When the platform team updates the base construct — adding a new tag requirement, enabling VPC Flow Logs, adjusting the NAT gateway configuration — all fifty consuming services pick up the change on their next synthesis. With Terraform, the same update propagation requires module versioning and registry publication, which adds friction that CDK teams avoid.

The second win is teams already writing TypeScript or Python. The infrastructure learning curve shrinks to CDK-specific concepts — constructs, stacks, App — rather than learning a new language on top of infrastructure concepts. Engineers stay in their IDE, use their existing test runners, and review infrastructure changes with the same pull request workflow used for application code. A Jest config that runs React component tests also runs VPC construct tests, without modification.

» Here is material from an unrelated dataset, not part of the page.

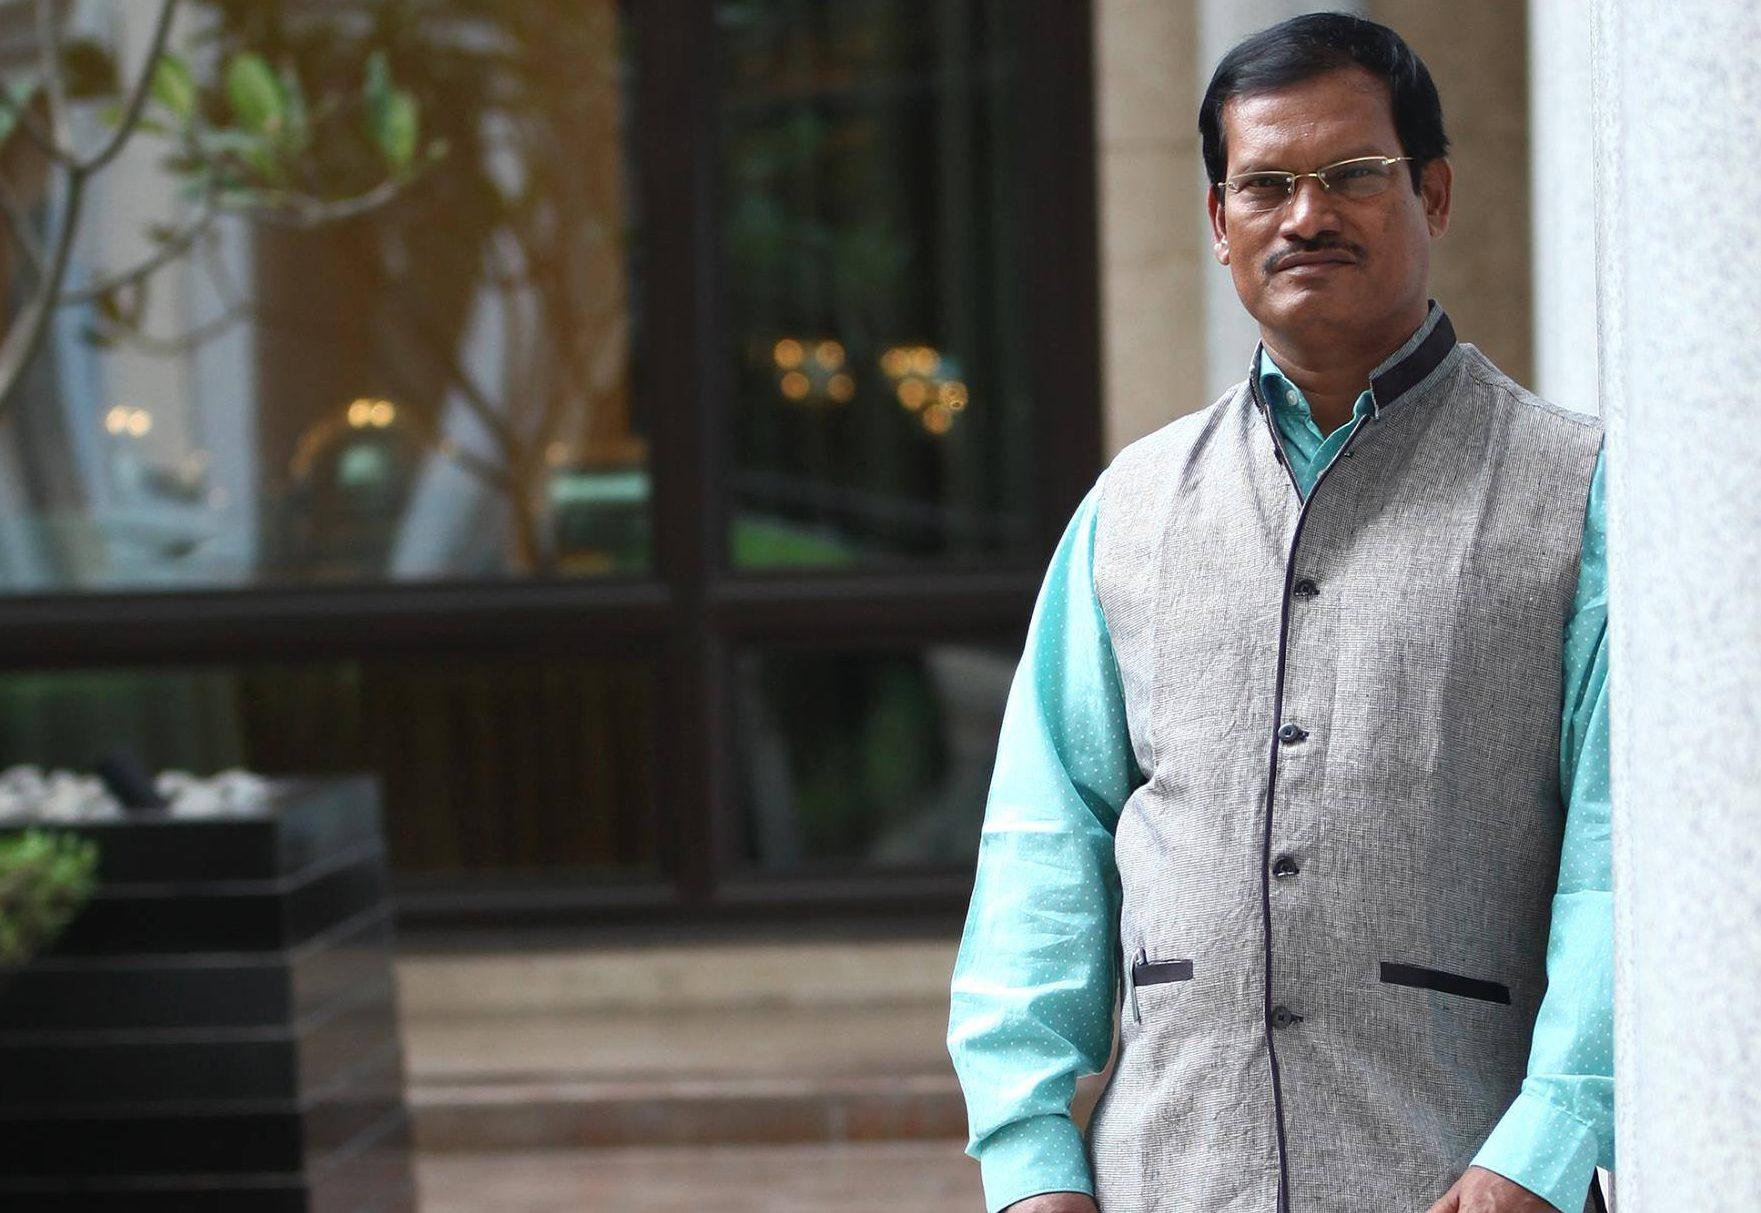 The Real Life Pad Man Arunachalam Murugnatham

CDK Pipelines is a third strong case. Defining the deployment pipeline as CDK code means the pipeline updates itself when infrastructure changes. There is no separate pipeline configuration file to drift out of sync. When the pipeline stack changes, the pipeline updates itself before deploying the next stage — which is difficult to achieve with external CI tools.

When CDK Loses

If your infrastructure spans multiple clouds, CDK is not an option. CDK synthesizes to CloudFormation — a service that only exists in AWS. Terraform’s provider model handles AWS, Azure, GCP, and dozens of other platforms from the same configuration language. A team standardizing on Terraform for multi-cloud can define a network module once and apply it to an AWS VPC in one environment and a GCP VPC in another. CDK cannot do this. The investment in CDK constructs does not transfer.

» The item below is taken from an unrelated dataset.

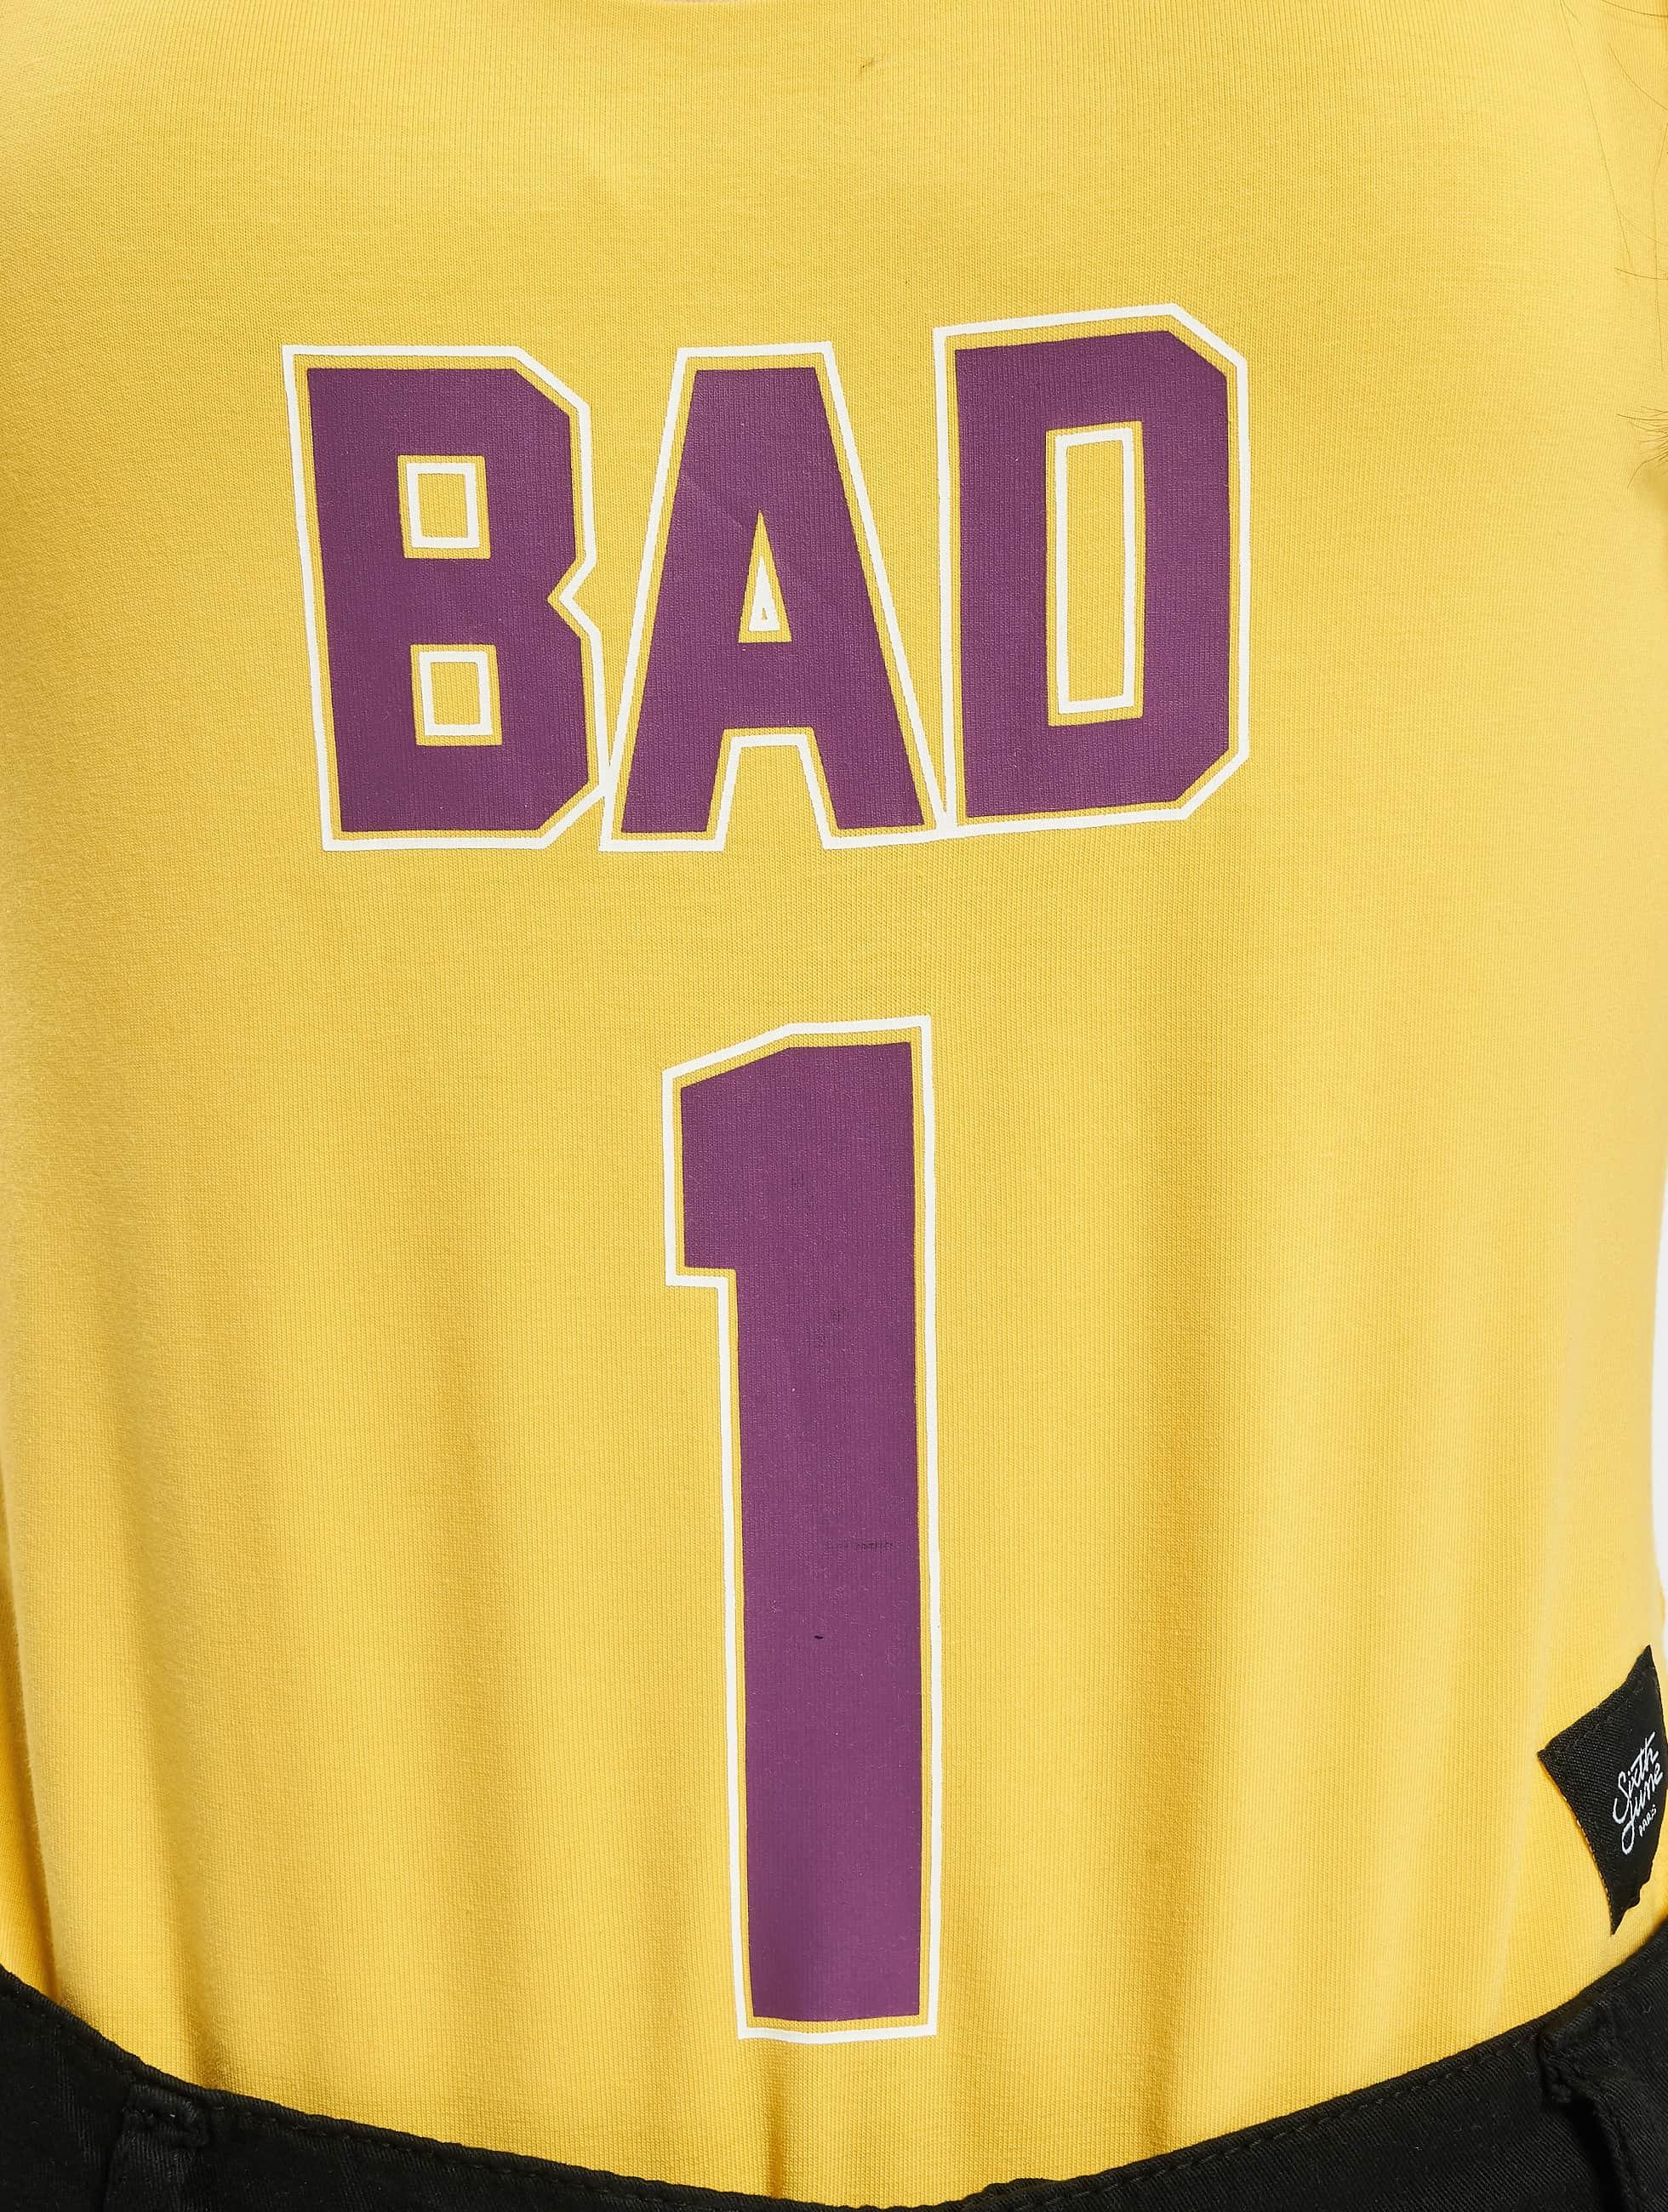 Sixth June Body Bad amarillo

The second scenario is at large scale. CDK synthesis compiles TypeScript to CloudFormation JSON. For an infrastructure graph of 5000+ resources — a reasonable size for a large organization’s AWS footprint — the compilation step can take several minutes. Terraform’s plan phase handles state files of similar complexity faster because it does not compile a language to an intermediate format; it evaluates a declarative configuration directly against the state graph.

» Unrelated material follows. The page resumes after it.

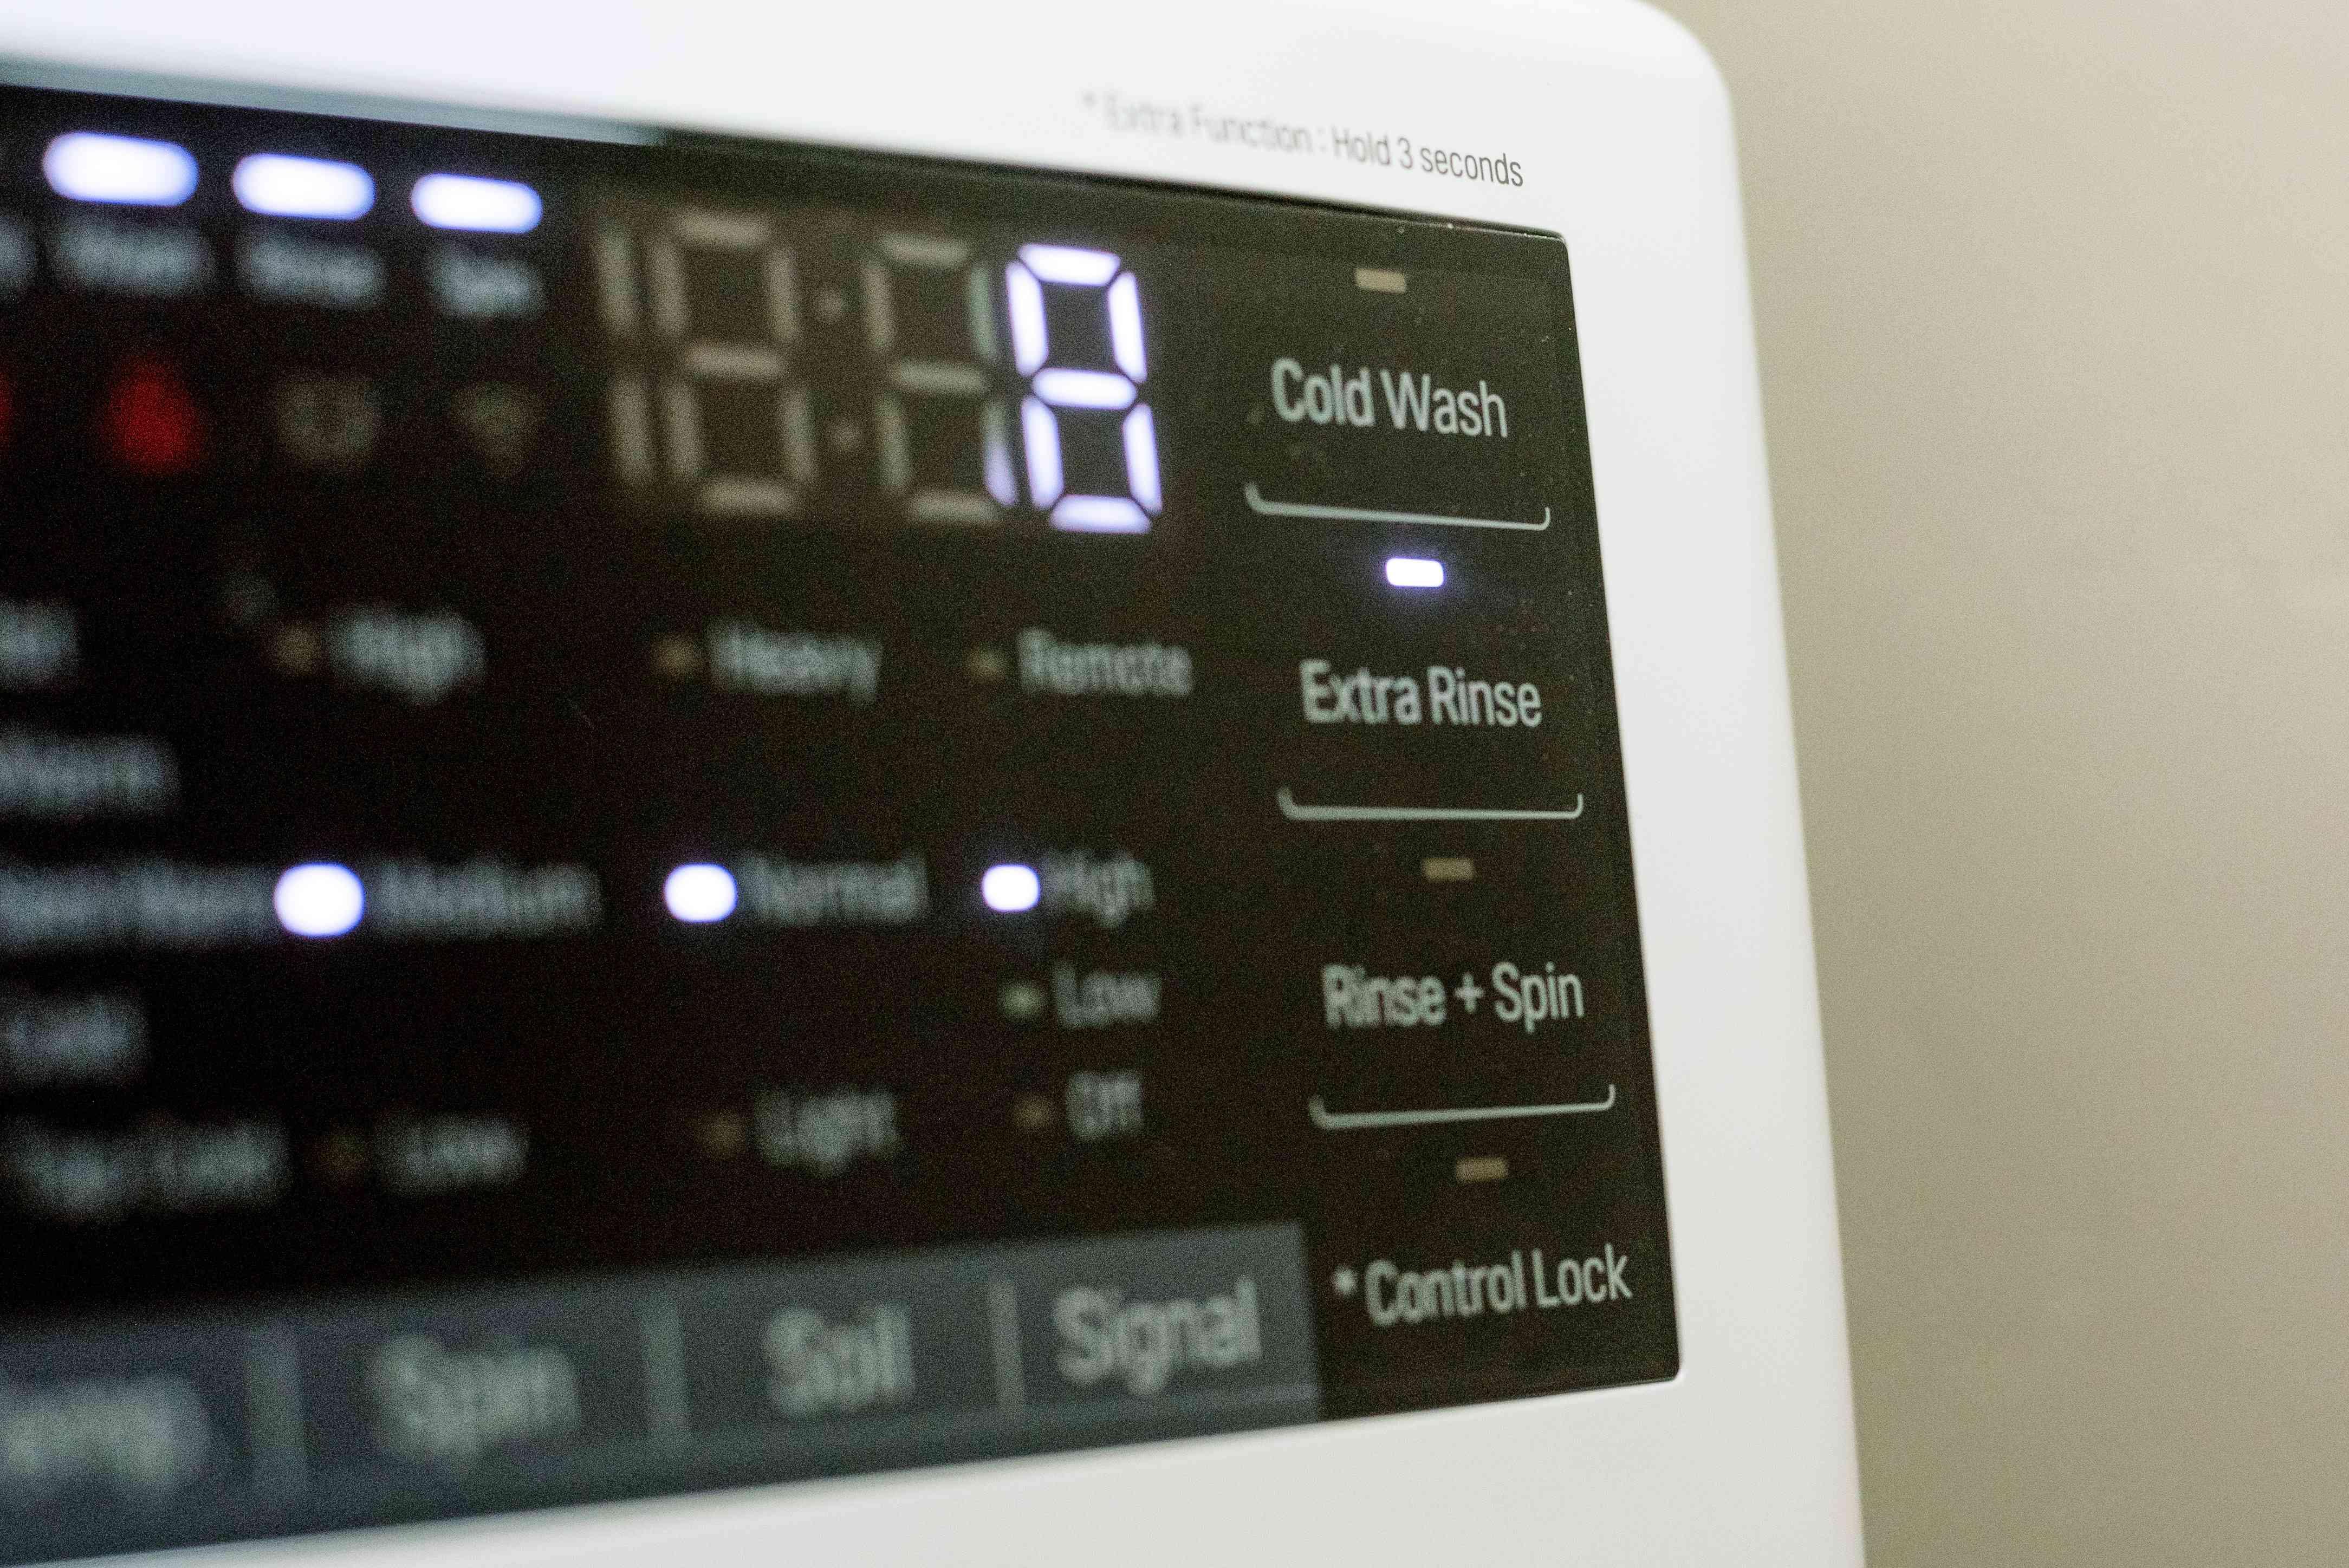 Control panel of a washing machine

Slow synthesis extends deploy times and increases the temptation to skip CI and deploy locally to save time. Teams with large CDK apps often split them into multiple CDK apps with separate deploy pipelines, which adds operational complexity that Terraform avoids.

The third scenario is ops-focused teams who prefer infrastructure tooling that matches their mental model. CDK requires programming-language thinking: loops, conditionals, inheritance chains, type systems. An ops engineer who thinks in desired state, resource declarations, and dependency graphs may find CDK adds a translation layer between their intent and the infrastructure. Terraform HCL is closer to the metal — a declarative configuration format rather than a general-purpose language — and some teams consider that a feature.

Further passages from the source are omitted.